It’s when the growth plates are NOT closed that they get the most benefit from work.

"Aren’t horses running on undeveloped bones and joints – not just as 2-year-olds, but all horses?

Dr. Larry Bramlage: Roughly, this is a schedule of the disappearance of the growth plates. Skeletons mature from the ground up, and just because the growth plates are still there does not indicate anything related to injury. The one that’s commonly followed is the growth plate at the distal end of the radius or what horsemen mean when they say ‘Are the knees closed?’ That was shown 30 years ago in a paper by Dr. Gabel at Ohio State that it had no relation to injury. That’s because the skeletal age, or the maturity of the bones, is not the thing that causes the horse problems – it’s adaptation to training.

Most people that have some passing interest in horses think you should wait until the horse is fully mature and has no growth plates in its limbs – that would be four or five years old. The growth plates in the withers, those are going to be there until they’re 12 or 13, if that gives you an indication of the fact the growth plates aren’t all that important as far as skeletal maturity.

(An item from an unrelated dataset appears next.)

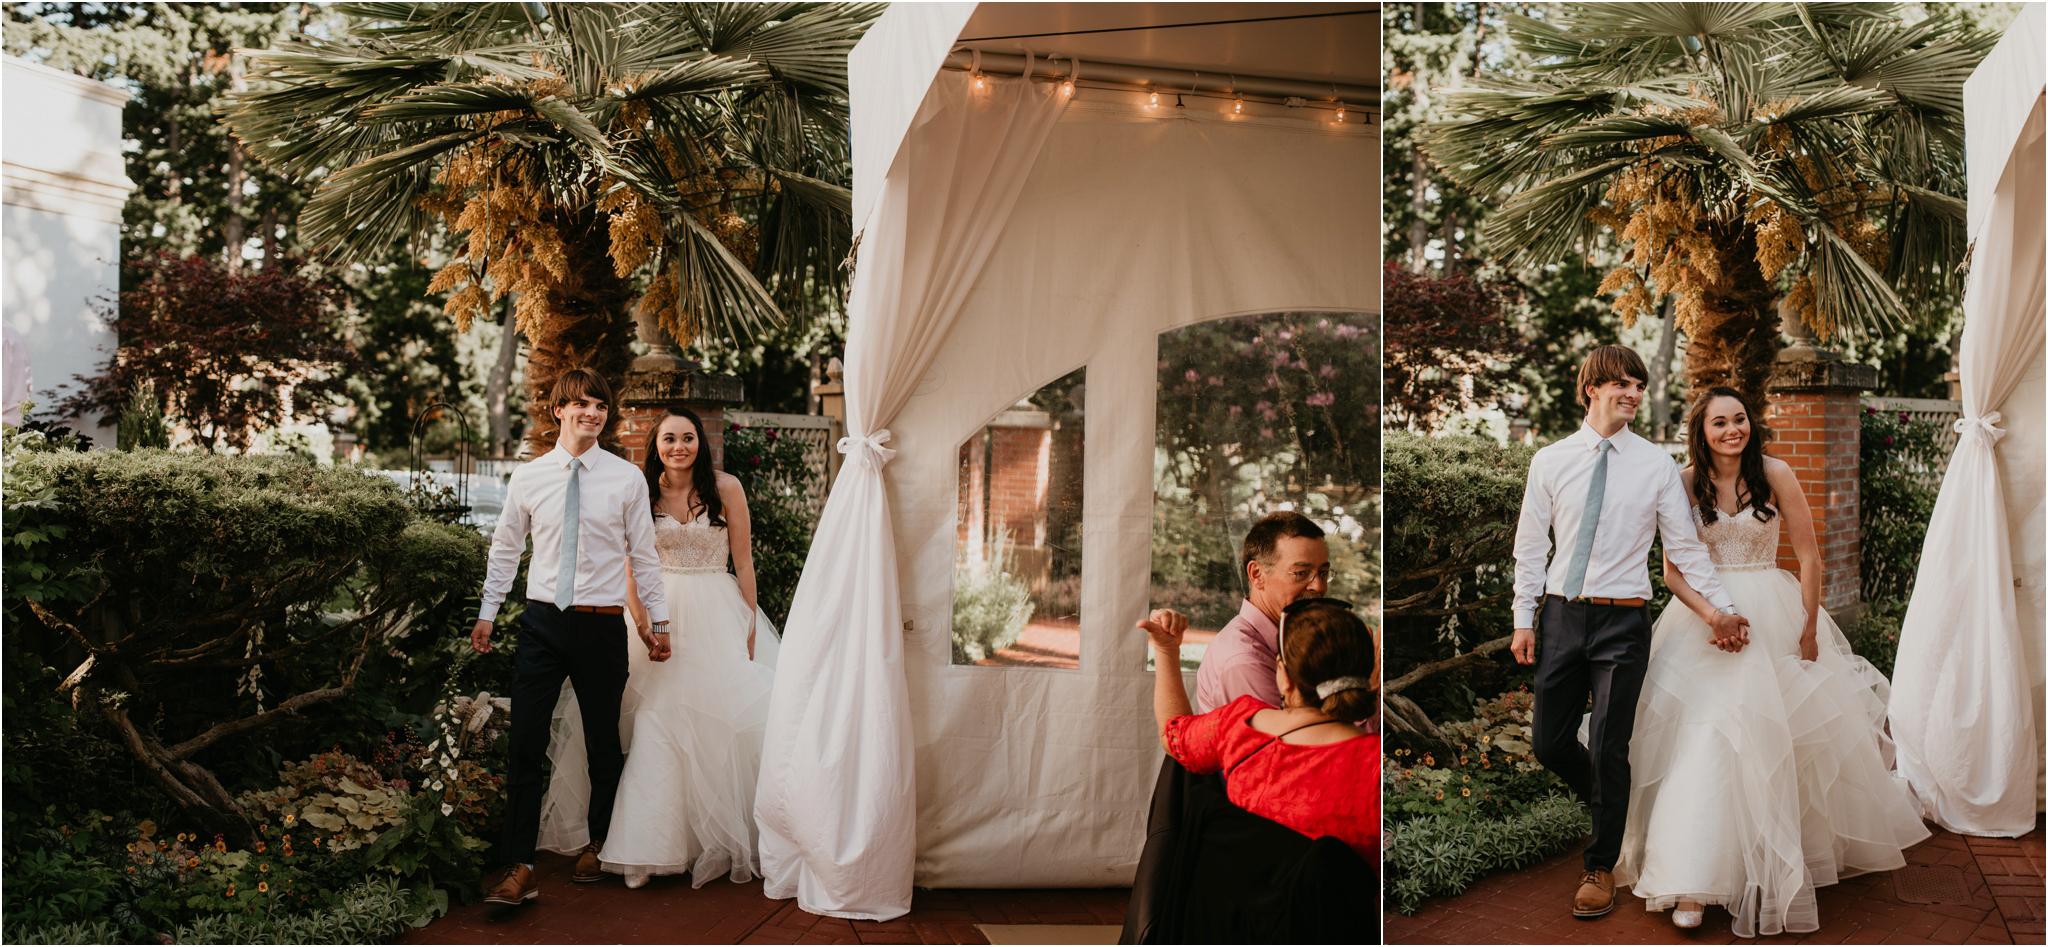 chance-and-ondrea-lairmont-manor-wedding-seattle-photographer-093.jpg

But the people who think you should wait until the growth plates are gone before you start training, that gets proven to be wrong over and over in scientific studies. The reason is that as the horse finishes growing, he’s got the blood supply and cell population that supports growth. What’s best for the horse is to start training during that period of time and convert those support processes from growth to adaptation to training. The cells that would disappear because the skeleton is fully grown just switch jobs and start modeling the bones for the stress of training.

This all goes back to understanding that racehorses are not born with racehorse skeletons, they make them. The training is most effective when you catch the horse at the time they’re most able to respond, which is roughly the time when they’re two years old."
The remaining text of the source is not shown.